Retroceso del padre tradicional, fertilización asistida, matrimonios homosexuales: basta un repertorio incompleto para entender que la querella entre enemigos y defensores de la familia se centre hoy en caracterizar los nuevos fenómenos como signos de evolución o como puras patologías. En las antípodas del funcionalismo, pero ya a distancia del modelo freudiano, el psicoanálisis sigue siendo el saber más íntimamente ocupado en desentrañar el nudo familiar.
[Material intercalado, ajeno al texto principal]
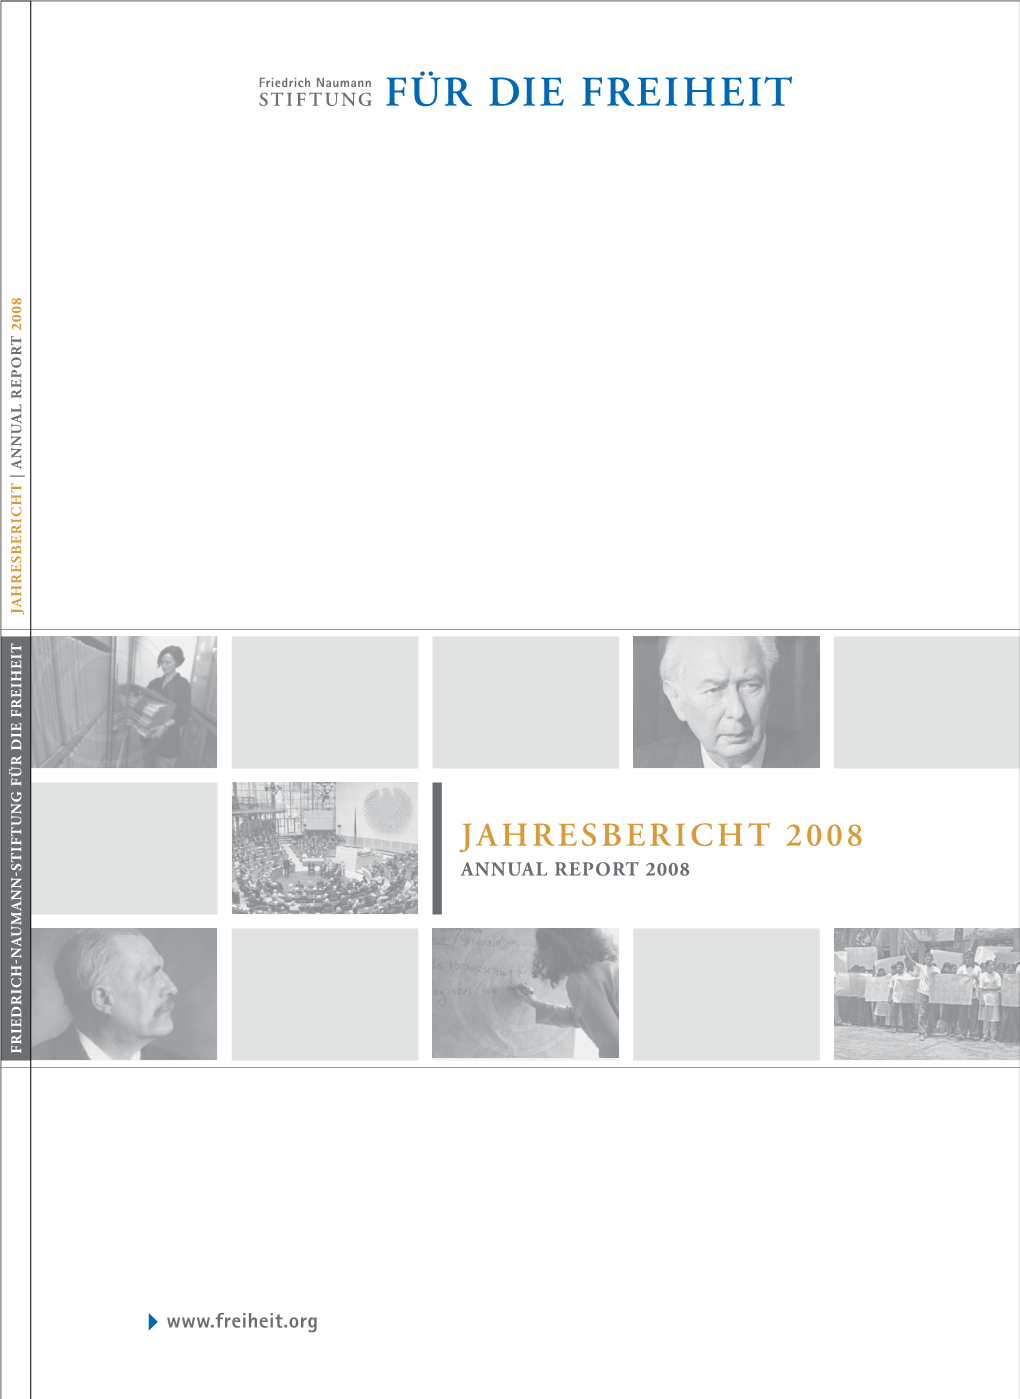 Jahresbericht 2008 2008 Jahresbericht Report 2008

Aquí se resume una investigación basada en la copiosa bibliografía sobre el tema, una masa de textos de prensa y la insustituible experiencia de la clínica.

 

En los últimos años, el matrimonio heterosexual monogámico ha perdido en la familia occidental el monopolio de la sexualidad legítima y el cuidado de los hijos no siempre ocurre bajo el mismo techo. Por lo general los teóricos coinciden en señalar la caída del lugar del padre, aunque no en sus consecuencias. Profundas transformaciones culturales afectan las costumbres sociales, los estilos de vida y las relaciones de la familia. Las nuevas tecnologías que se han ido incorporando insensiblemente a la vida cotidiana de millones de personas inciden en esas mutaciones.
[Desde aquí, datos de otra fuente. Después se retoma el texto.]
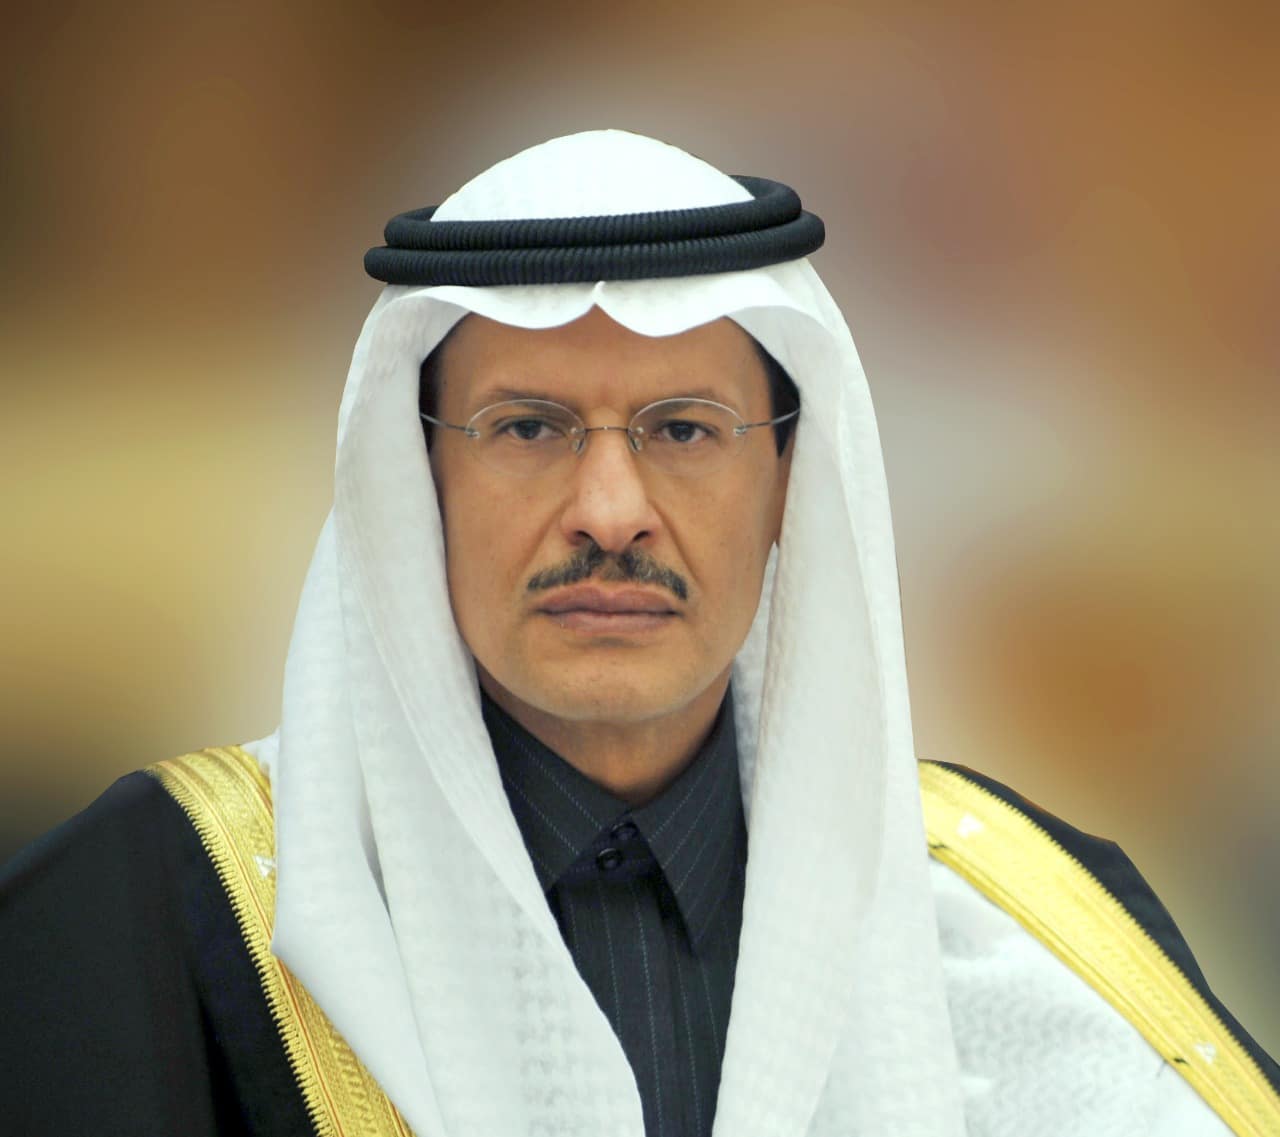 His Royal Highness Prince Abdulaziz bin Salman Al-Saud

Lejos de reducirse a la pauta biológica –madre, padre, hijos– sostenida en el matrimonio, la familia moderna es esencialmente compleja y parece haber sufrido transformaciones en las tres dimensiones que conforman las funciones organizativas clásicas. Los cambios han sido abordados de muchas maneras. Distintas sociedades, con organizaciones sociopolíticas y culturales y estructuras productivas diversas, han ido conformando formas familiares y de parentesco muy variadas, que tienen sin embargo algo en común: la función de organizar la convivencia, la sexualidad y la procreación. La aparición, en 1949, de Las estructuras elementales del parentesco de Claude Lévi-Strauss renovó las investigaciones, tanto en los campos de la antropología y la sociología como en el del psicoanálisis. Con conclusiones semejantes a las de otro libro de Lévi-Strauss, El pensamiento salvaje (1990), también los escritos de Jacques Lacan se ocuparon de la nueva perspectiva.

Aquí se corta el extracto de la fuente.